Not since Animal against the advice of Dr. Bunsen Honeydew and Beaker ingested Insta-Growth pills has a movie had as much fun with scale as "Ant-Man and The Wasp."

Among the greatest threats to the shape-shifting heroes of the Marvel sequel are windshield wipers, salt shakers and seagulls. This is surely the first movie to weaponize that most fearsome of terrors: a giant Hello Kitty Pez dispenser. In one of the film's finest moments, a loud, careening chase culminates in a dramatic fall into the ocean sounded not with an explosive splash but with a tiny ripple and a "Plink!"

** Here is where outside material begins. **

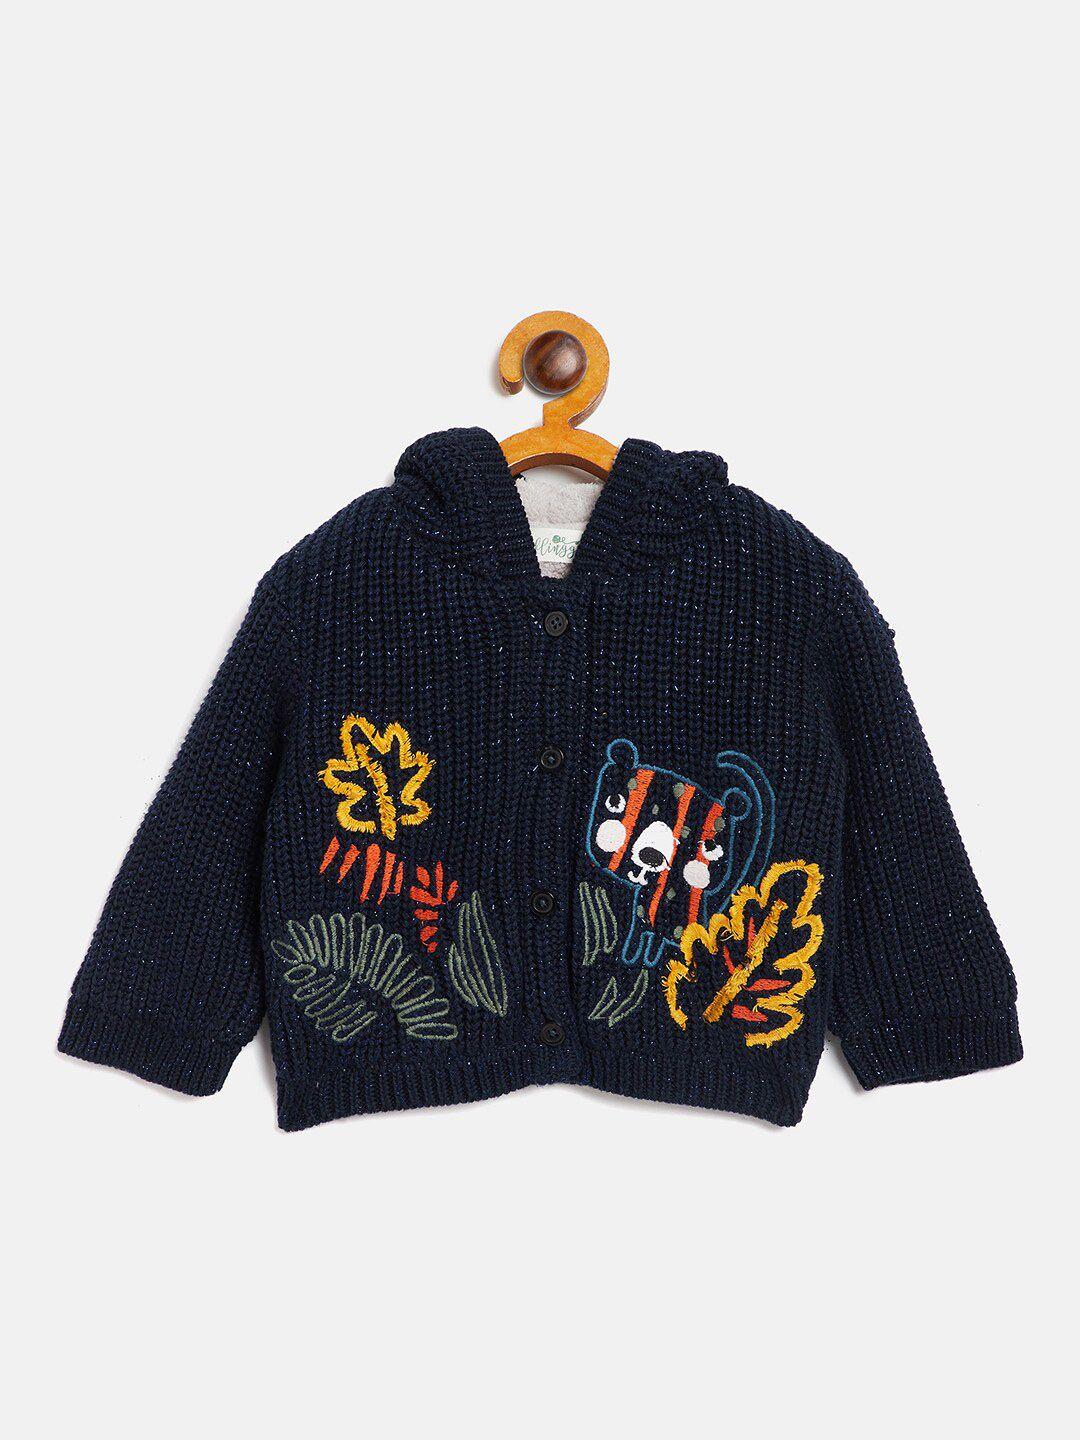 jwaaq kids navy blue & yellow embroidered hooded pure cotton front-open sweater
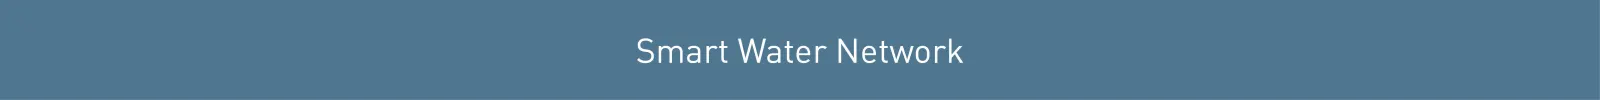 Moen - Brand Page - Smart Water Networks Banner Image

In both scale and ambition, "Ant-Man and The Wasp" is an altogether more modest affair, and it's so much the better for it. Most Marvel movies strenuously insist on how much they matter — how much a carefully stitched together comic-book apparatus hangs in the balance — with only an occasional aside to acknowledge their inherent silliness. But slapstick is in the DNA of "Ant-Man and The Wasp."

For some Marvel devotees, "Ant-Man and The Wasp" will be a clever enough diversion in between the more main-event releases. But it's pretty much exactly what I'd want in a superhero movie: a funny cast, zippy action scenes and not an infinity stone in sight.

The Marvel product has, it should be noted, grown more dynamic and varied in recent years. But if you're not going to reach the mythic heights of "Black Panther," the light-hearted antics of "Ant-Man and The Wasp" are your next-best bet. As different as they are, the two films have one crucial thing in common: No outer space.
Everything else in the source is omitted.